Multi-Table Synchronization Architecture

1. Overview

1.1 Problem Background

Database migration and CDC scenarios often require synchronizing hundreds of tables:

  • Resource Efficiency: How to avoid creating one job per table?
  • Consistent Snapshot: How to ensure all tables start from same point in time?
  • Schema Routing: How to route data to correct target tables?
  • Independent Schemas: How to handle different schemas per table?
  • Parallel Writing: How to maximize throughput for multiple tables?

1.2 Design Goals

SeaTunnel's multi-table synchronization aims to:

  1. Single Job, Multiple Tables: Synchronize hundreds of tables in one job
  2. Resource Efficiency: Share resources across tables
  3. Schema Independence: Each table maintains its own schema
  4. Dynamic Routing: Route records to correct sink based on table identity
  5. Horizontal Scalability: Support replica writers for high throughput

1.3 Use Cases

Database Migration:

source {
MySQL-CDC {
# Capture all tables in database
database-name = "my_db"
table-name = ".*" # Regex: all tables
}
}

sink {
JDBC {
# Write to PostgreSQL
url = "jdbc:postgresql://..."
}
}

Multi-Table CDC:

source {
MySQL-CDC {
table-name = "order_.*|user_.*|product_.*" # Multiple table patterns
}
}

sink {
Elasticsearch {
# Different indices per table
}
}

2. Core Abstractions

2.1 TablePath

Unique identifier for routing records to tables.

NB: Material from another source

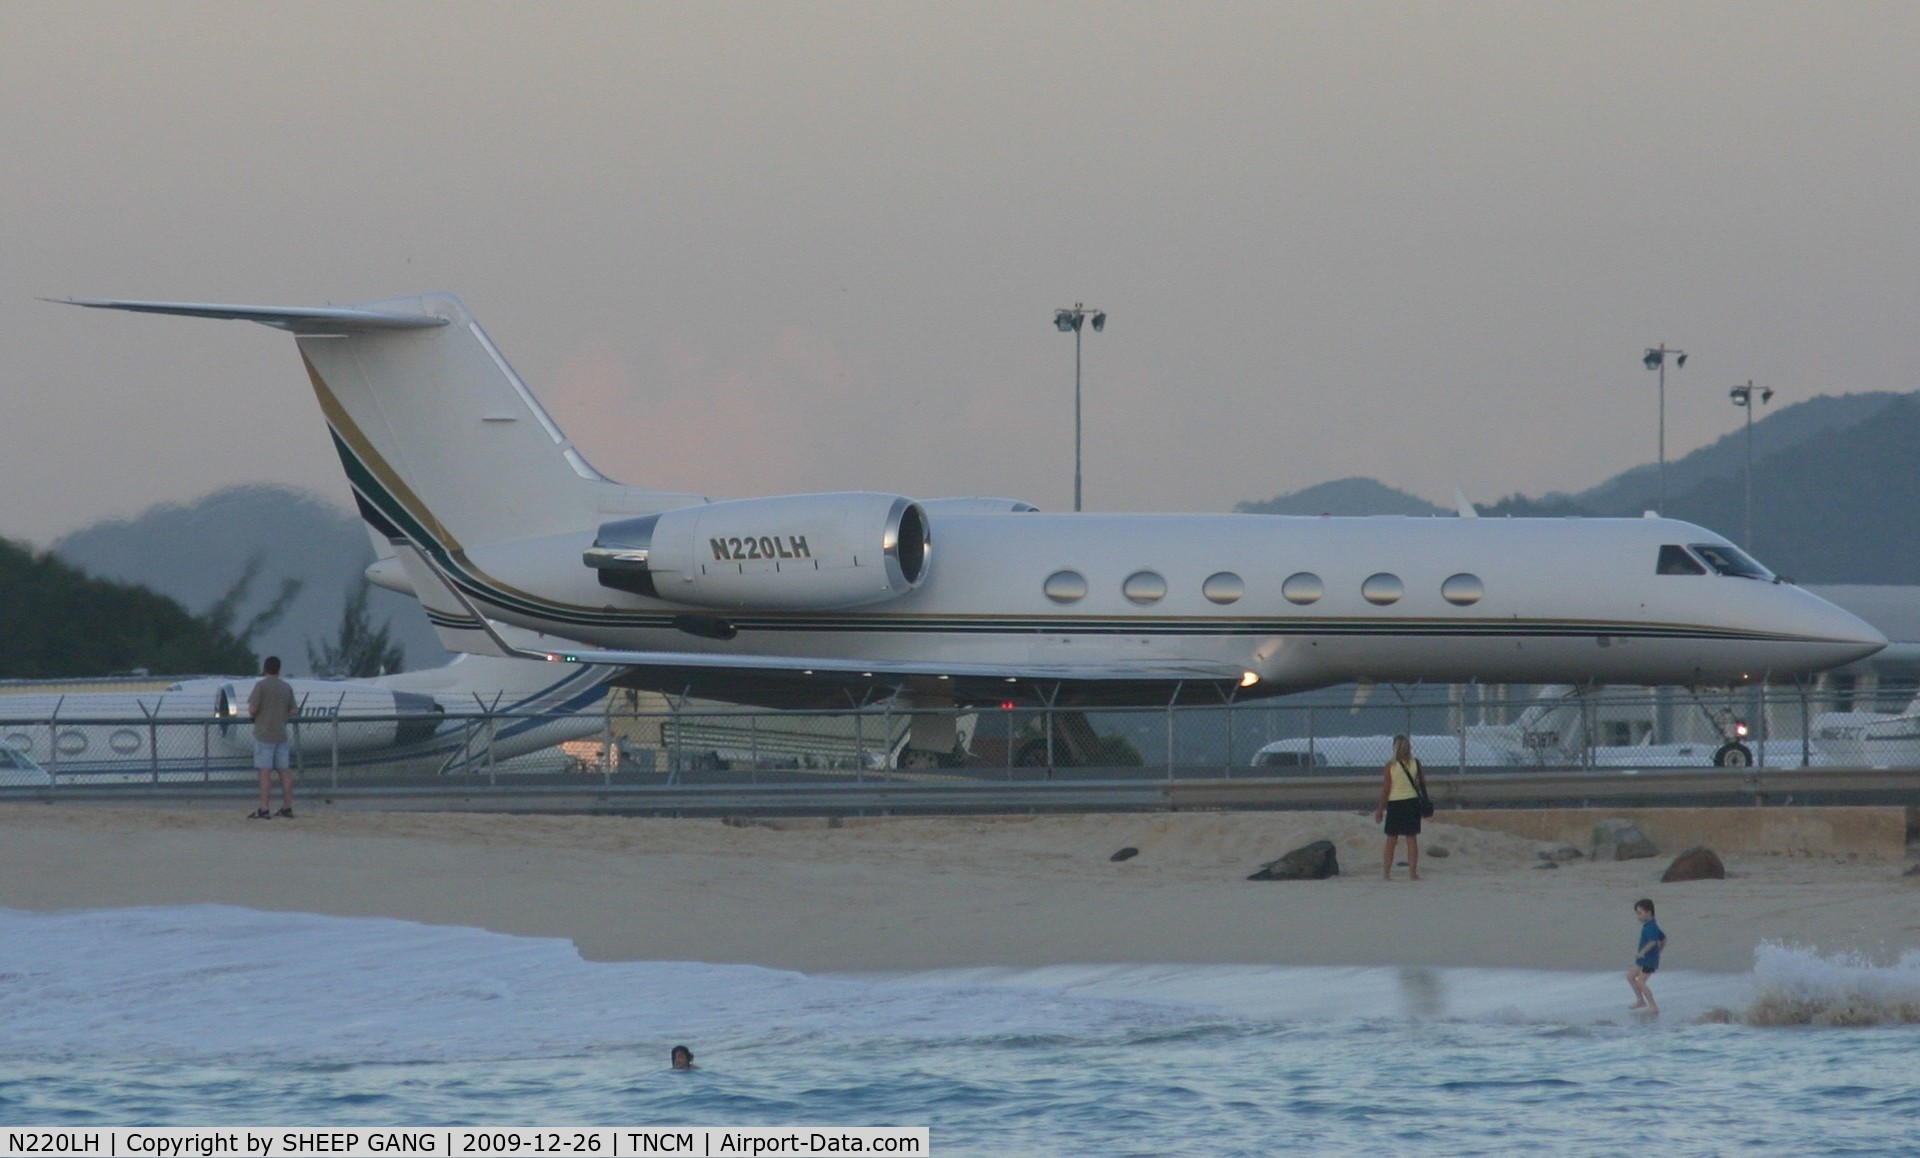 N220LH, 1987 Gulfstream Aerospace G-IV C/N 1054, N220LH at the tresh hold on runway 10 for departure
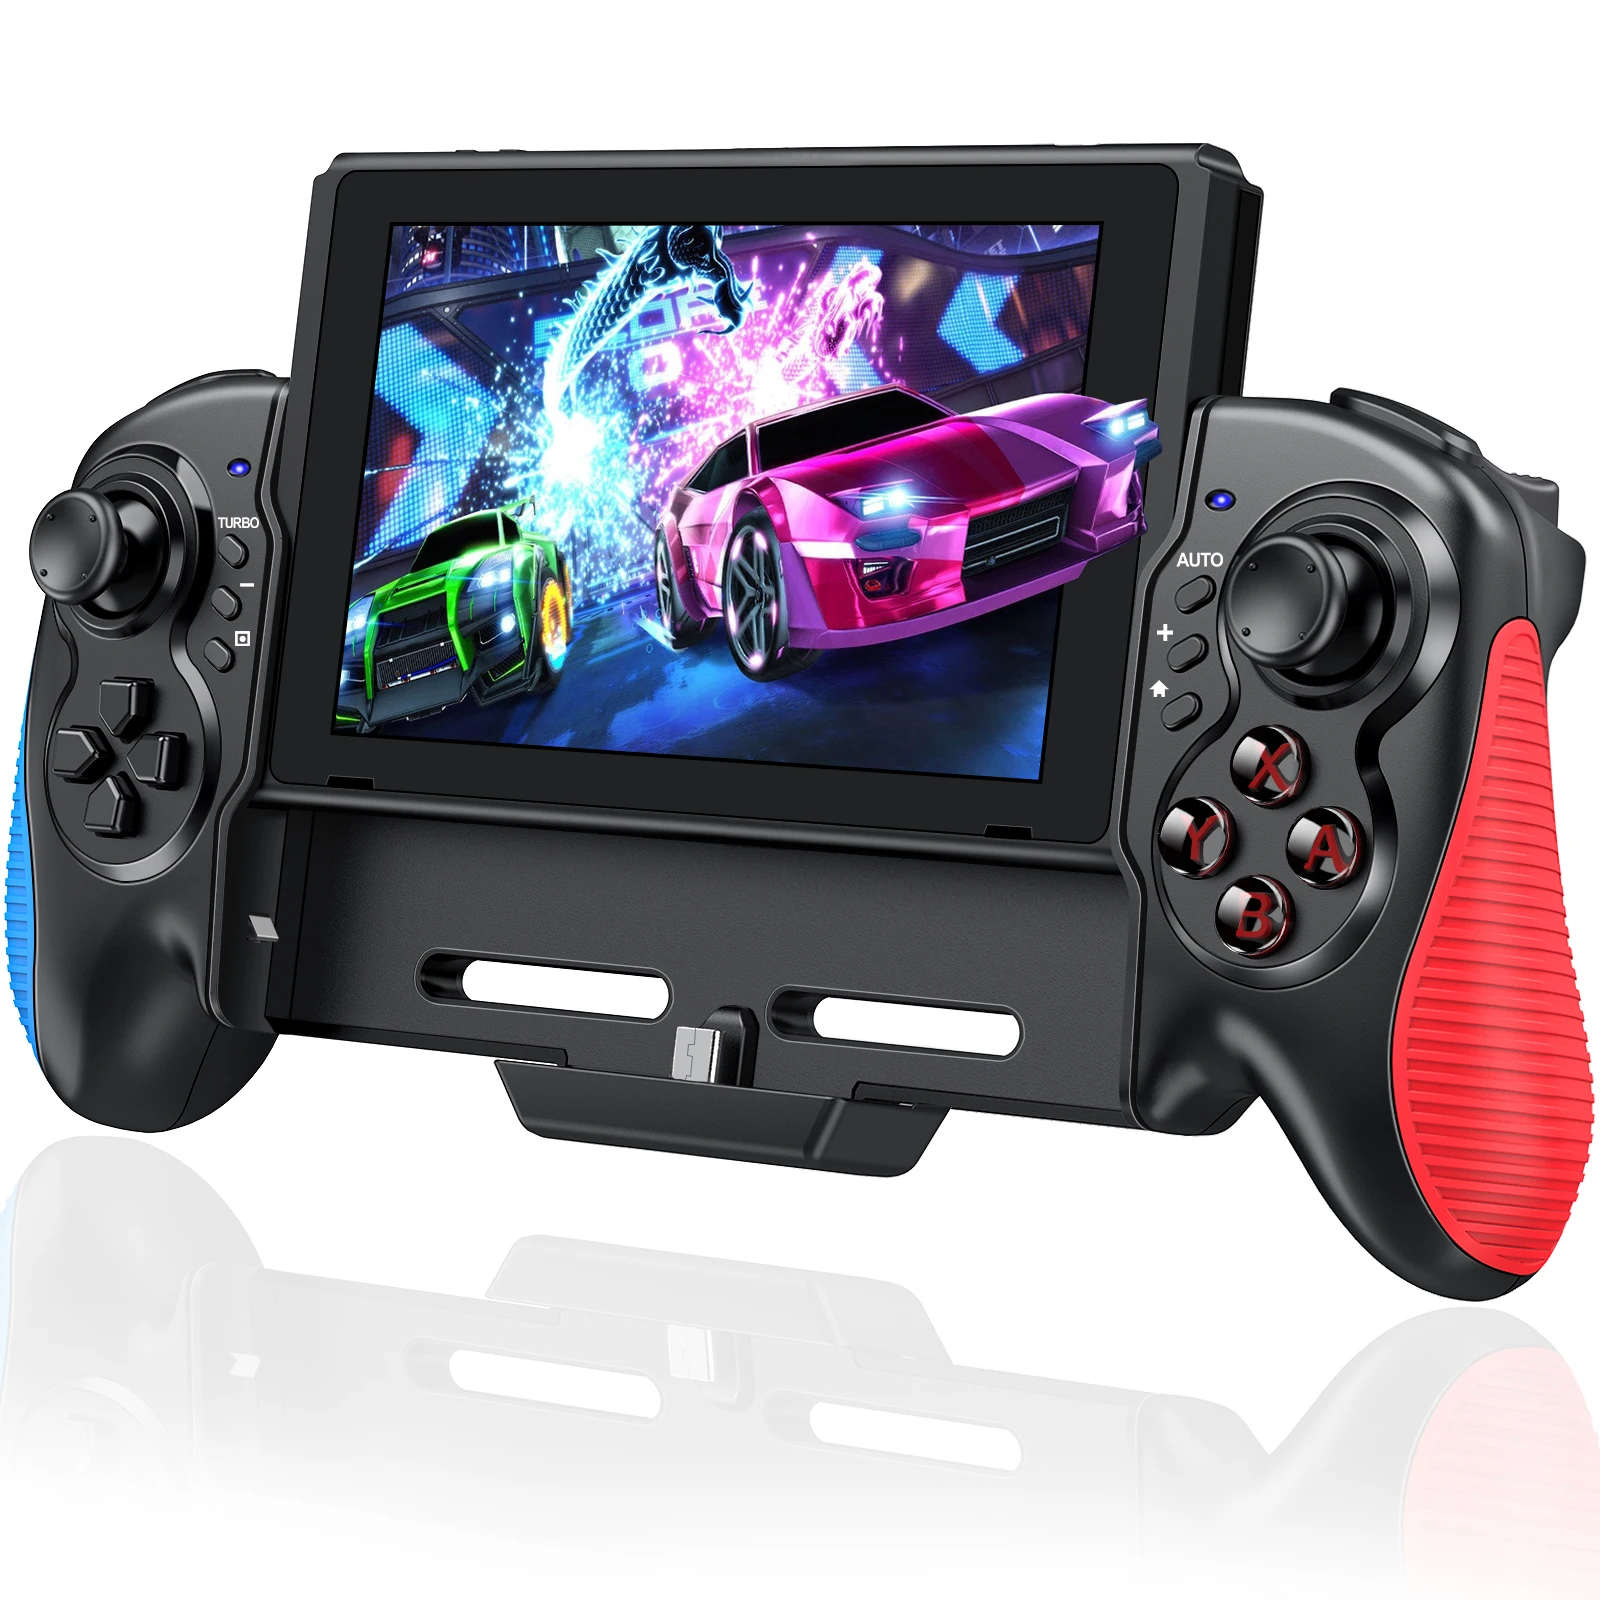 

Controller Handheld Double Motor Vibration Built-in 6-Axis Gyro Joystick For Switch Accessories Free shipping Rushed Recommend

public class TablePath implements Serializable {
private final String databaseName;
private final String schemaName;
private final String tableName;

// Unique string representation
public String getFullName() {
return String.join(".", databaseName, schemaName, tableName);
}
}

Example:

TablePath orderTable = TablePath.of("my_db", "public", "orders");
TablePath userTable = TablePath.of("my_db", "public", "users");

2.2 SeaTunnelRow with TableId

Records carry table identity for routing.

public class SeaTunnelRow {
private final String tableId; // TablePath serialized
private final SeaTunnelRowKind rowKind; // INSERT, UPDATE, DELETE
private final Object[] fields;

public TablePath getTablePath() {
return TablePath.deserialize(tableId);
}
}

2.3 SinkIdentifier

Unique identifier for sink writers (table + replica index).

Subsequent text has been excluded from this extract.